Schmid Michael, Oehme Rainer, Schalasta Gunnar, Brockmann Stefan, Kimmig Peter, Enders Gisela
Institute for Virology, Infectiology and Epidemiology e,V, 70193 Stuttgart, Germany.
BMC Infect Dis. 2004 Jun 9;4:15. doi: 10.1186/1471-2334-4-15.
Noroviruses (NoV) have become one of the most commonly reported causative agents of large outbreaks of non-bacterial acute gastroenteritis worldwide as well as sporadic gastroenteritis in the community. Currently, reverse transcriptase polymerase chain reaction (RT-PCR) assays have been implemented in NoV diagnosis, but improvements that simplify and standardize sample preparation, amplification, and detection will be further needed. The combination of automated sample preparation and real-time PCR offers such refinements.

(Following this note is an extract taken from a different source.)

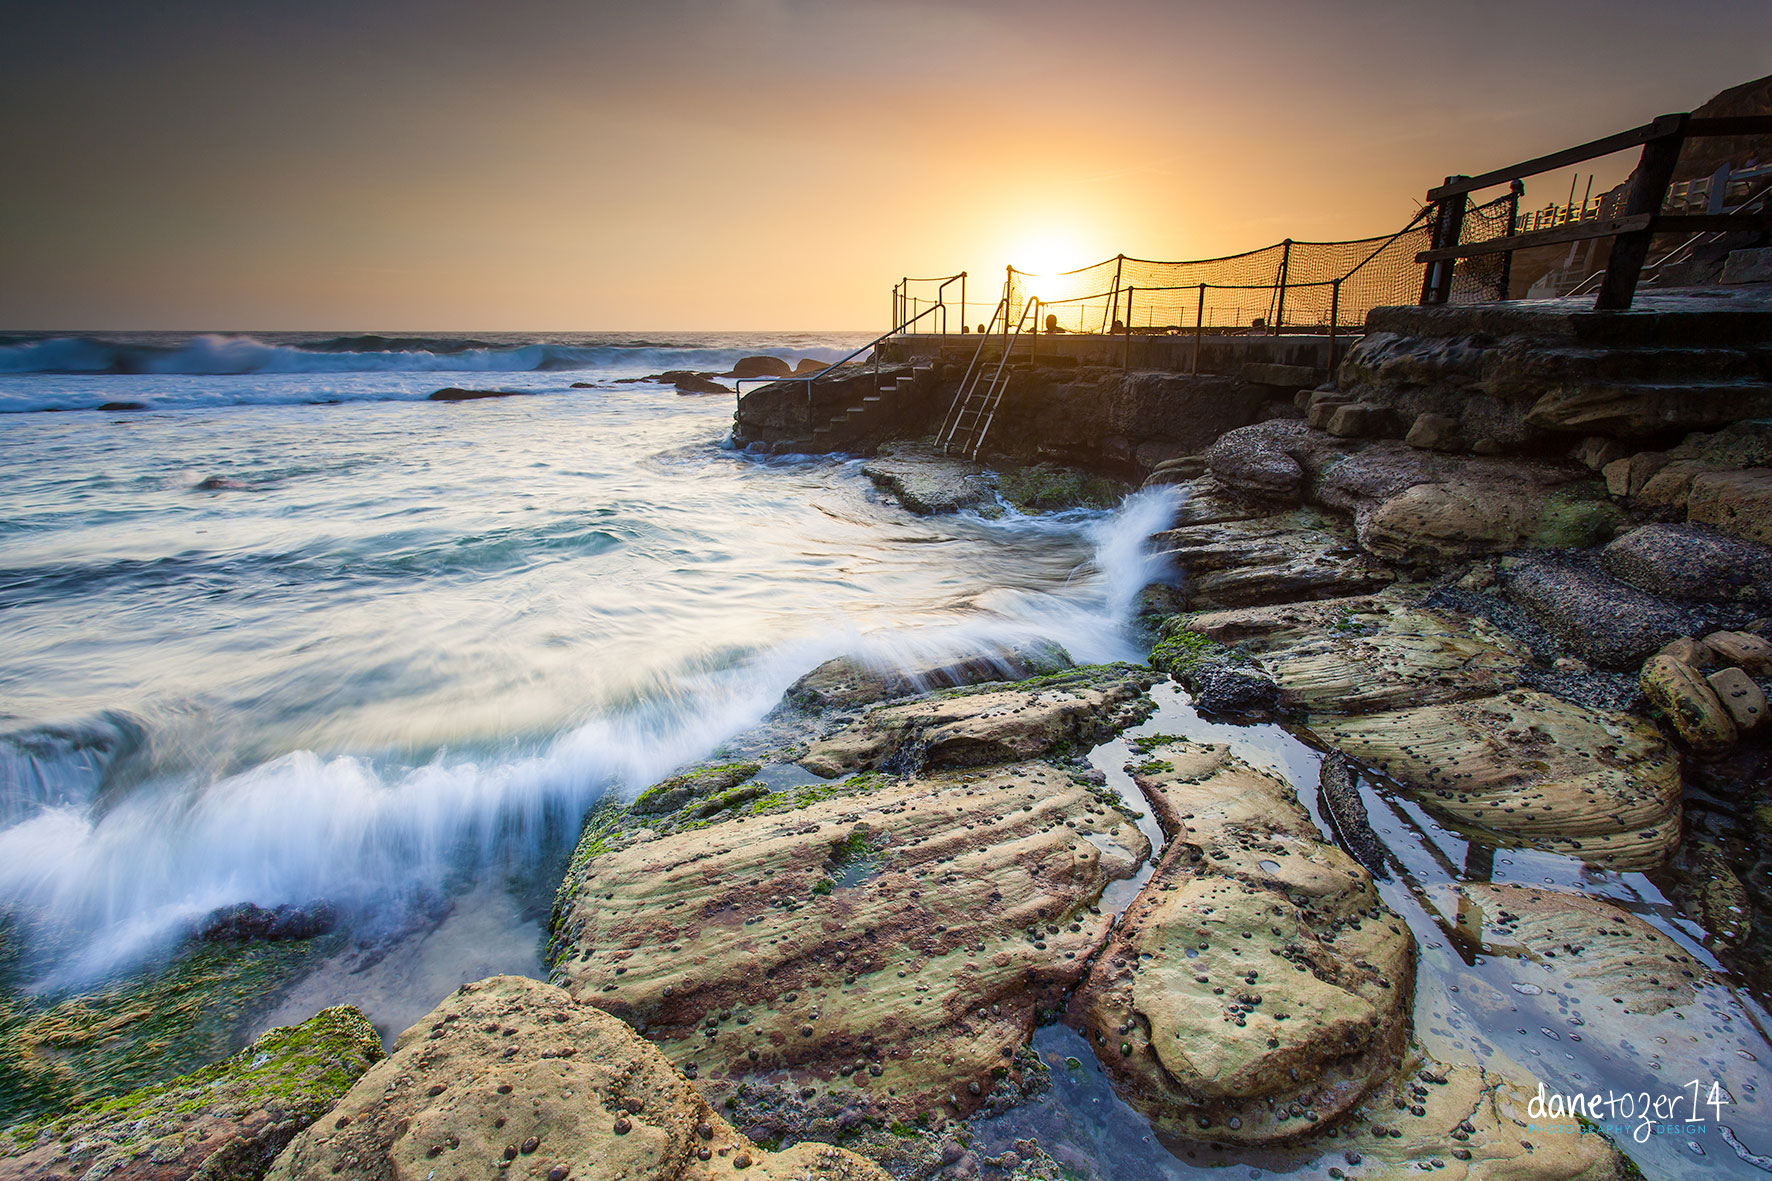 Bronte Beach NSW

We have designed a new real-time RT-PCR assay on the LightCycler (LC) with SYBR Green detection and melting curve analysis (Tm) to detect NoV RNA in patient stool samples. The performance of the real-time PCR assay was compared with that obtained in parallel with a commercially available enzyme immunoassay (ELISA) for antigen detection by testing a panel of 52 stool samples. Additionally, in a collaborative study with the Baden-Wuerttemberg State Health office, Stuttgart (Germany) the real-time PCR results were blindly assessed using a previously well-established nested PCR (nPCR) as the reference method, since PCR-based techniques are now considered as the "gold standard" for NoV detection in stool specimens.

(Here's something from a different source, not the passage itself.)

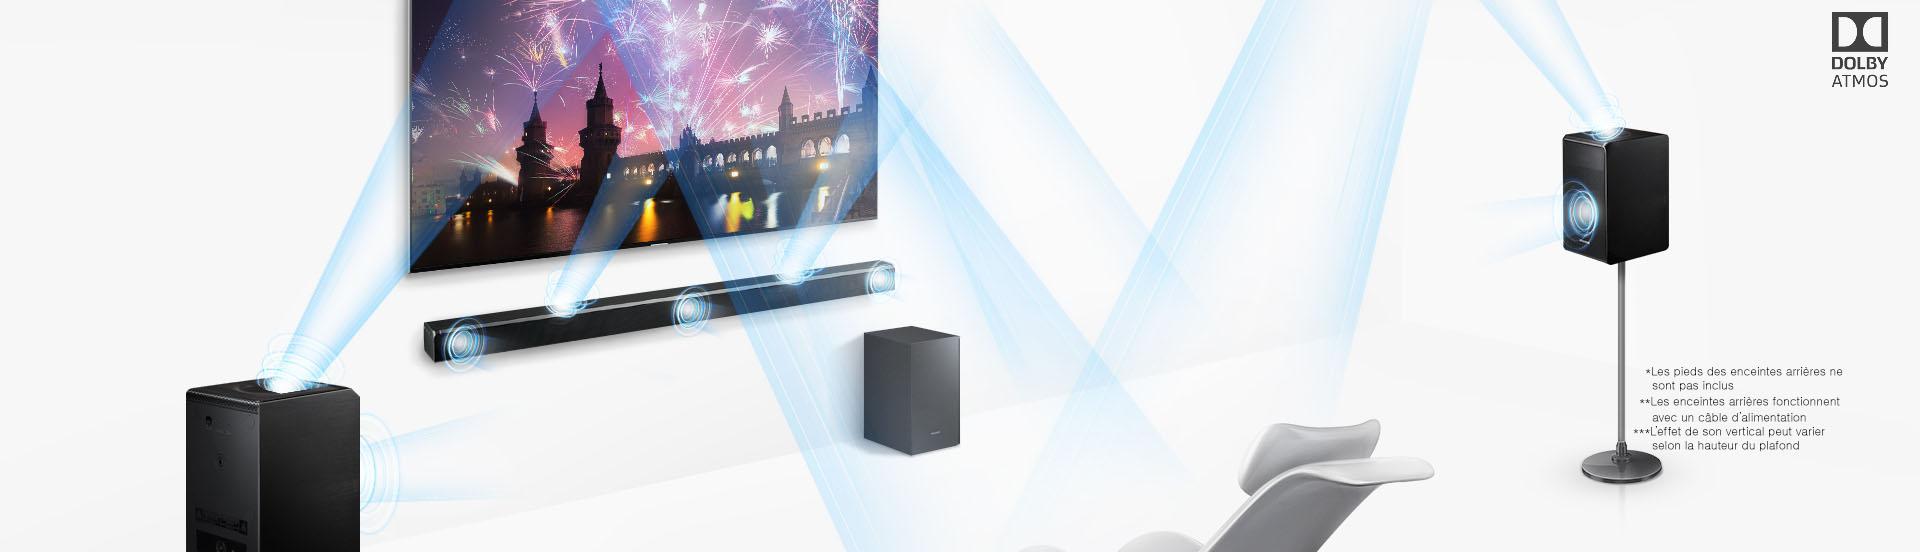 Barre de son Samsung HW-K950 : Technologie Dolby Atmos 5.1.4

Analysis of 52 clinical stool samples by real-time PCR yielded results that were consistent with reference nPCR results, while marked differences between the two PCR-based methods and antigen ELISA were observed. Our results indicate that PCR-based procedures are more sensitive and specific than antigen ELISA for detecting NoV in stool specimens.
The combination of automated sample preparation and real-time PCR provided reliable diagnostic results in less time than conventional RT-PCR assays. These benefits make it a valuable tool for routine laboratory practice especially in terms of rapid and appropriate outbreak-control measures in health-care facilities and other settings.
诺如病毒(NoV)已成为全球非细菌性急性胃肠炎大规模暴发以及社区散发性胃肠炎最常报告的病原体之一。目前,逆转录聚合酶链反应(RT-PCR)检测法已应用于诺如病毒诊断,但仍需要进一步改进以简化和标准化样本制备、扩增及检测过程。自动化样本制备与实时PCR的结合提供了这样的改进。
我们在LightCycler(LC)上设计了一种新的实时RT-PCR检测法,采用SYBR Green检测和熔解曲线分析(Tm)来检测患者粪便样本中的诺如病毒RNA。通过检测一组52份粪便样本,将实时PCR检测法的性能与同时使用的用于抗原检测的市售酶免疫测定(ELISA)的性能进行比较。此外,在与德国斯图加特巴登-符腾堡州卫生办公室的一项合作研究中,由于基于PCR的技术现在被认为是粪便标本中诺如病毒检测的“金标准”,因此使用先前成熟的巢式PCR(nPCR)作为参考方法对实时PCR结果进行盲法评估。
通过实时PCR对52份临床粪便样本进行分析,结果与参考nPCR结果一致,而基于PCR的两种方法与抗原ELISA之间存在显著差异。我们的结果表明,基于PCR的方法在检测粪便标本中的诺如病毒时比抗原ELISA更敏感、更特异。
自动化样本制备与实时PCR相结合,能在比传统RT-PCR检测更短的时间内提供可靠的诊断结果。这些优点使其成为常规实验室实践中的一种有价值的工具,特别是在医疗保健机构和其他场所采取快速且适当的疫情控制措施方面。